Truly I say to you, unless you turn and become like children, you will never enter the kingdom of heaven. Whoever humbles himself like this child is the greatest in the kingdom of heaven.
The disciples were arguing again about who would be the greatest in heaven’s kingdom. It wasn’t the first time they had pridefully jostled for first place, nor would it be the last. Maybe they thought that if they asked their Master about it in a general way, they’d get a clue about what each of them needed to do to get the top spot. They should have known that Jesus would see right through them.
They might have considered children to be somewhat of a nuisance, considering that it wouldn’t be long before they were rebuking parents for bringing their children to see Jesus (Matthew 19:13-15). If so, Jesus now sought to teach them an object lesson in humility using an illustration they would least expect. Calling a child over to Him, He put the child among them and told them that they needed to “become like children” in humility in order to be the greatest in heaven’s kingdom.
Children’s positive attributes are exactly how Christ wants all Christians to be. Children are innocent in nature. They tend to smile a lot and be positive in what they say. When faced with sadness, they tend to take it seriously and respond in kind. Children tend to be sincere in wanting to do the right thing and expect everyone else to do the same.
My oldest daughter recently taught me a lesson in these regards. While I was out of the room, she made her younger sister cry. I don’t know whether it was an accident or purposeful. Nonetheless, I corrected her. She was upset because I corrected her. However, not five minutes had gone by before I noticed that she had gone up to her sister, on her own initiative without any prodding on my part, and gave her hug while telling her she loved her and was sorry. Then she got right back down on the floor and started playing with her again like nothing had happened.
I thought, “What a lesson for me and practically every adult I know!” Face it, we don’t act like that! When we mess up, we play the blame game for as long as we can. When we are corrected or punished, we tend to get mad and stay mad and resentful. It’s like pulling teeth to get us to apologize, and how may times do we say we’re sorry and yet deep down don’t really mean it?
Scripture teaches us the following: “Do nothing from selfishness or empty conceit, but with humility of mind regard one another as more important than yourselves. Do not merely look out for your own personal interests, but also for the interests of others. Have this attitude in yourselves which was also in Christ Jesus” (Philippians 2:3-5). Christ was humble. Being Deity (John 1:1, 14), He was on an equal plane with God…and yet chose to put our need for salvation above His own interests and so humbled Himself to the point of dying an agonizing, humiliating death on a cross (Philippians 2:6-8).
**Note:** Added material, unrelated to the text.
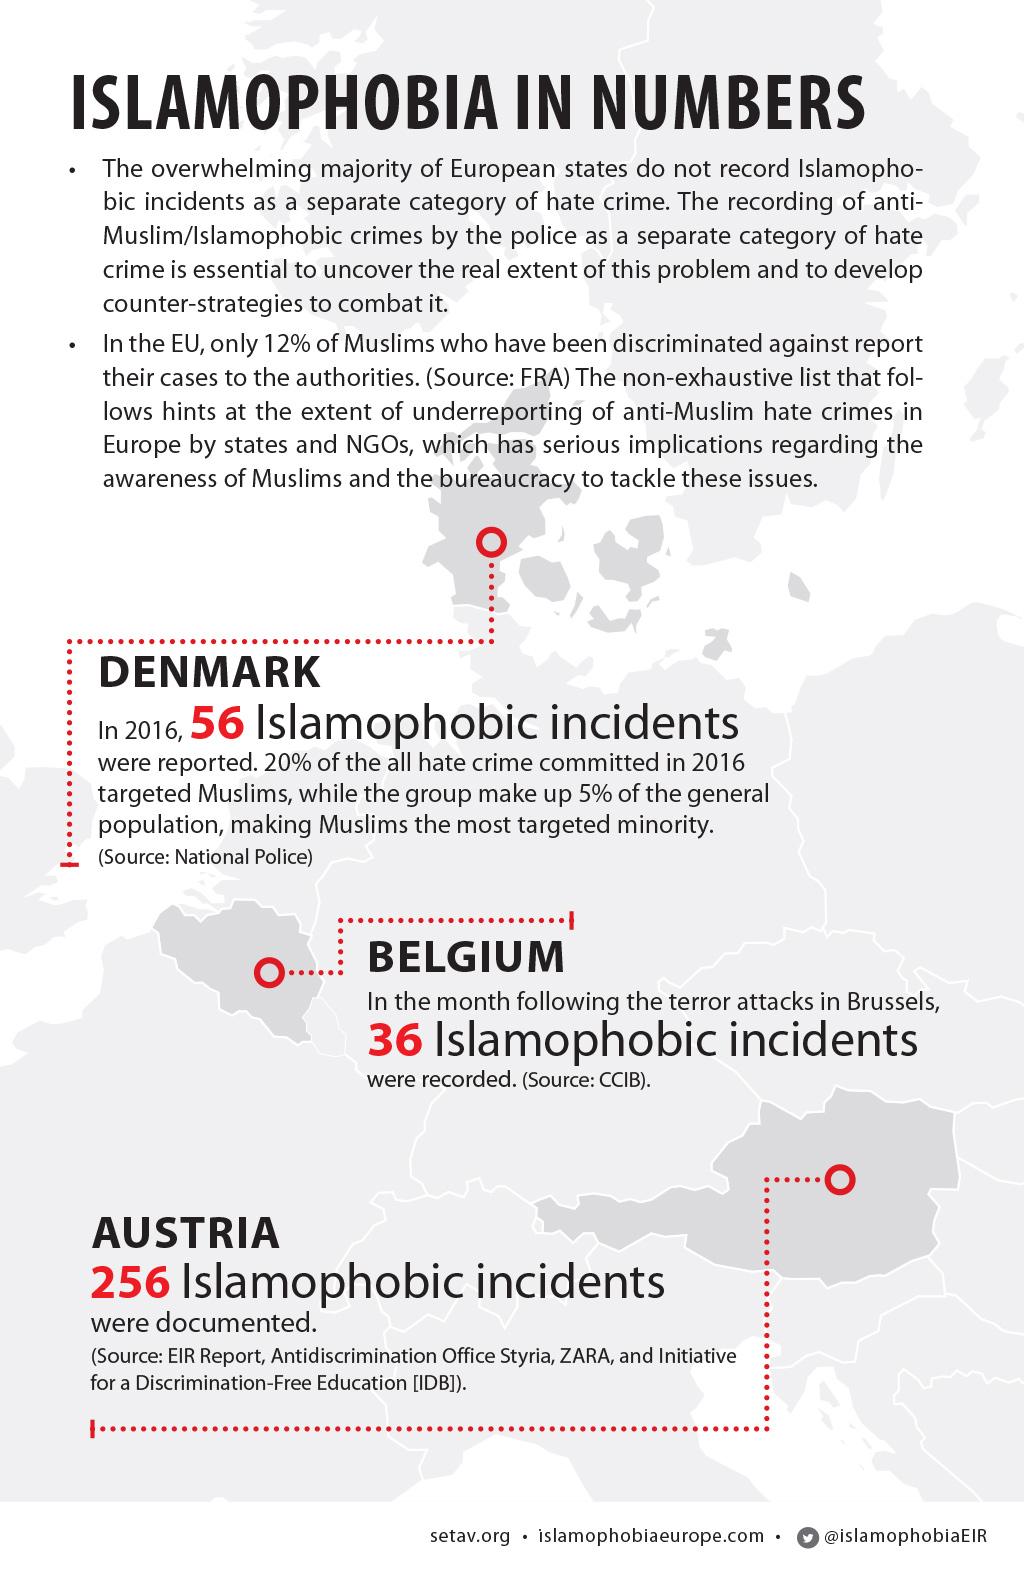 Islamophobia in numbers

We must follow His example of humility as well as the examples of humility children so often put in front of us. As Paul also wrote, “So, as those who have been chosen of God, holy and beloved, put on a heart of compassion, kindness, humility, gentleness and patience; bearing with one another, and forgiving each other, whoever has a complaint against anyone; just as the Lord forgave you, so also should you” (Colossians 3:12-13).
Our journey of becoming more humble starts with our conversion, as Jesus pointed out when He said we must “turn” or “be converted” before becoming like children (Matthew 18:3). Conversion starts when our faith in Christ (John 3:16) motivates us to repent of our sins (Acts 2:38; 3:19) and have our sins washed away in baptism into Christ and His body which is His church (Acts 22:16; Romans 6:3-5; 1 Corinthians 12:13; cf. Ephesians 1:22-23). That’s when we begin to submit to God working in our lives (Colossians 2:12; Philippians 2:12-13).